Effect of covariate-dependent heterogeneity (M_th.age, M_th.age.spat, M_thb.age.ref, M_{thb.age.spat.ref})

In the scenario of covariate-dependent sampling older cases were overrepresented in the final dataset as compared to random sampling. Older cases were also more likely to be detected multiple times in this scenario (Fig 1).

Fig 1 — Density plot for age, in days, from random sampling (red, M_t) and from covariate (age)-dependent sampling (blue, M_th.age).

Effect of spatial heterogeneity (M_th.spat, M_th.age.spat, M_thb.spat.ref, M_{thb.age.spat.ref})

The subset of labs and hospitals that participated in surveillance was not equally distributed and there was dependence between sentinel and NRC surveillance. Labs that participated in sentinel surveillance were also more likely to participate in NRC surveillance, as compared to labs that did not participate in sentinel surveillance (OR = 12.73, p<0.0001). One of the consequences of this spatial heterogeneity was uneven representation of regions (Fig 2).

Fig 2 — Spatial heterogeneity was based on the relation between the location of the labs and the location of the generated cases. Yellow zones represent regions where cases are less likely detected by lab-surveillance (either NRC or sentinel surveillance) in the spatial heterogeneity scenario, as compared to random sampling.

Effect of referrals between sources (M_tb.ref, M_thb.age.ref, M_thb.spat.ref, M_{thb.age.spat.ref})

Referrals between sources resulted in dependence between sentinel and NRC surveillance and hospital and NRC surveillance. Cases detected by sentinel surveillance were also more likely detected by NRC surveillance, as compared to cases not detected by sentinel surveillance (e.g. OR = 1.719, sd = 0.114, averaged over the simulation runs).

The scenario did not include referrals between the hospital study and the sentinel surveillance. However because of the referrals the “three way”-interaction was not zero. The “three way”-cross product of the cell counts λ; ( $\frac{λ_{111} λ_{100} λ_{010} λ_{001}}{λ_{011} λ_{000} λ_{110} λ_{101}} = 0.897$ , sd = 0.149, averaged over the simulation runs, notation in S1 Appendix) was not one. This meant that the referrals have introduced dependence between sentinel surveillance and the hospital study for cases also observed in NRC surveillance.

CR estimators without assumptions on the underlying dependency structure

An overview of the models, selected by AIC, can be found in Table 2.

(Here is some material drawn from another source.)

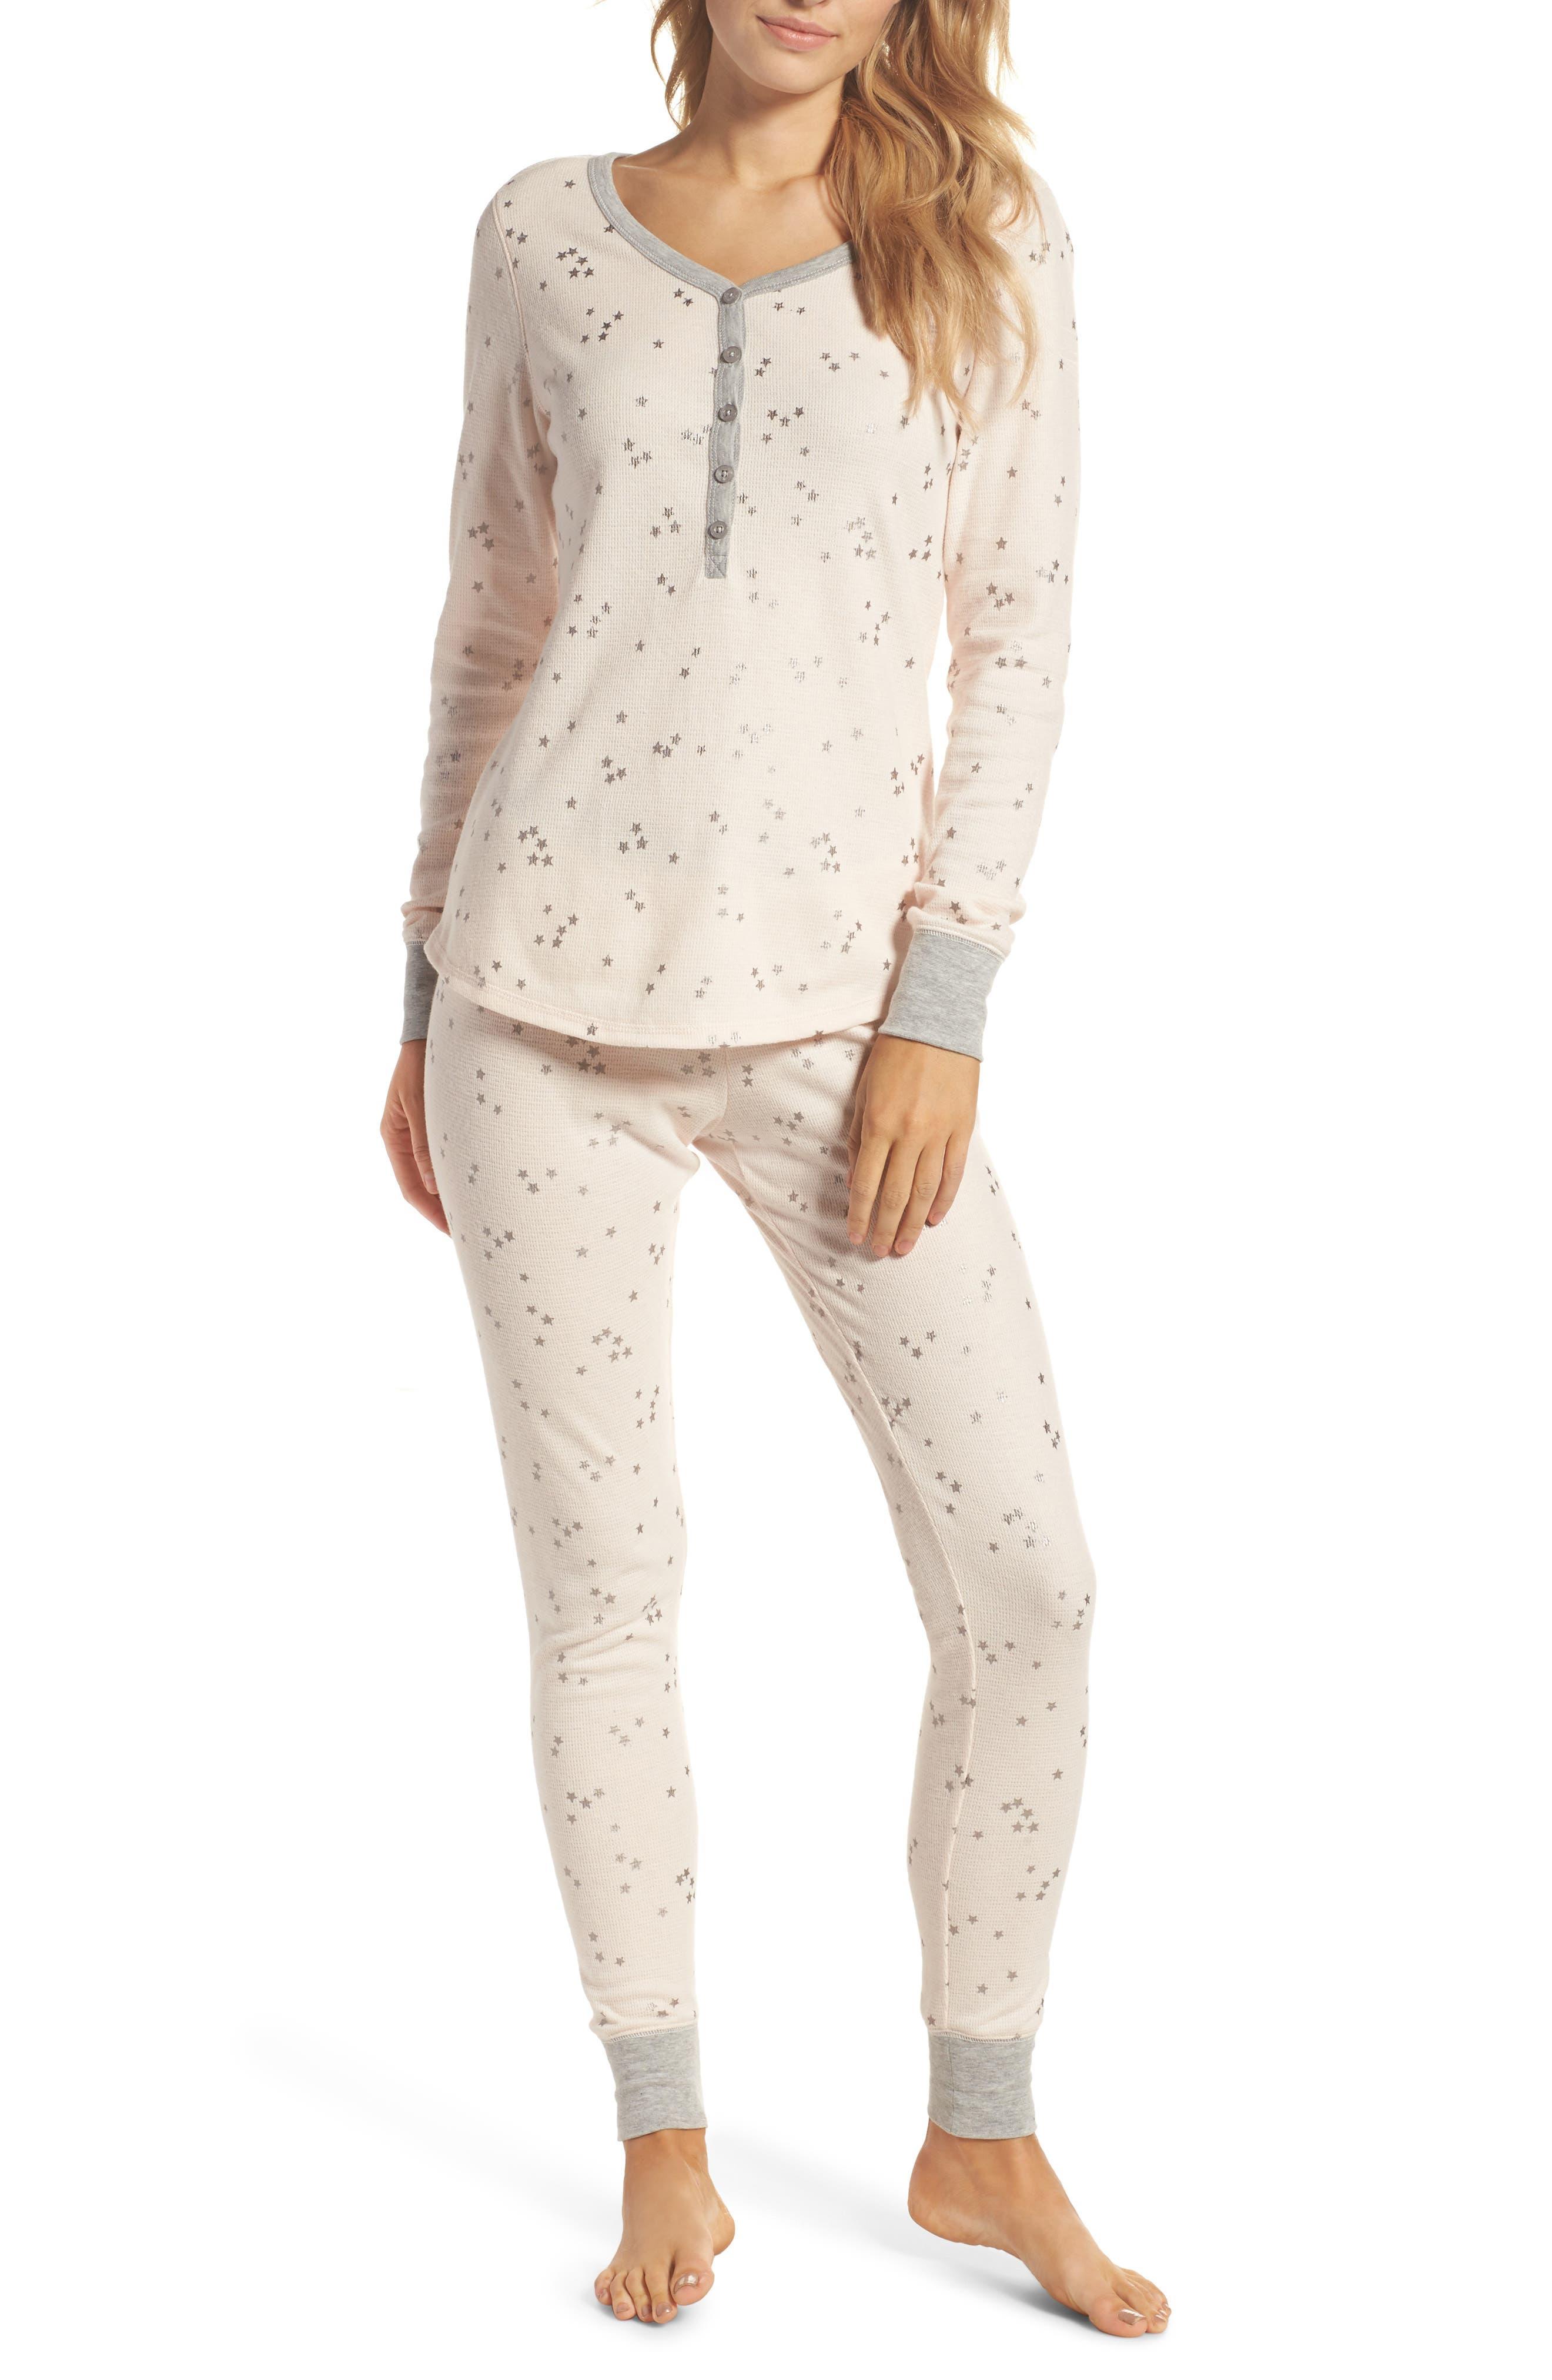 Nordstrom Lingerie Sleepyhead Thermal Pajamas

After the inclusion of the age covariate in the multinomial model there was no residual unmodelled heterogeneity in the M_th.age-scenario. The odds ratio increase per unit (day) was 1.000125 (estimate = 0.12e-3, se = 3.173e-6, averaged over the simulated runs). Other methods could not fully correct for covariate-dependent sampling. Inclusion of the distance covariate did not completely correct for spatial heterogeneity. The parameter for distance was significant and did show the lower detection probability with increasing distance to the detecting lab or hospital. The odds ratio decrease per unit (meter) was 0.999 (estimate = -1.746e-5, se = 3.173e-6 averaged over the simulated runs). The log-linear model was the only model that fully corrected for the referrals. Multinomial likelihood modelling only performed better than log-linear modelling if covariates, with a strong influence on the individual detection probability, were part of the conditional likelihood model as was the case in the M_th.age-scenario, but not in the M_th.spat- and M_tb.ref- scenarios. As more dependence was introduced, the estimates in the likelihood framework had a larger bias. In the most complex scenario (M_{thb.covar.spat.ref}) log-linear modelling, including all two-way interactions, underestimated the total population size by, on average, 1416 cases (28%). Multinomial modelling, conditional on the distance and age covariates, underestimated the total size by 1740 cases (25%) in the same scenario. The non-parametric methods had the largest bias in scenarios without dependence. The relative bias of all the capture-recapture estimators was smaller than the relative bias of the unique cases-estimator in the scenarios with two and three sources of dependence (S1 Appendix). The jackknife-estimator had a larger relative bias than the unique cases-estimator in two of the three scenarios with one source of heterogeneity (M_tb.ref and M_th.age) and in random sampling (M_t). The sample coverage-estimator had a larger relative bias in the M_t-scenario (Fig 3).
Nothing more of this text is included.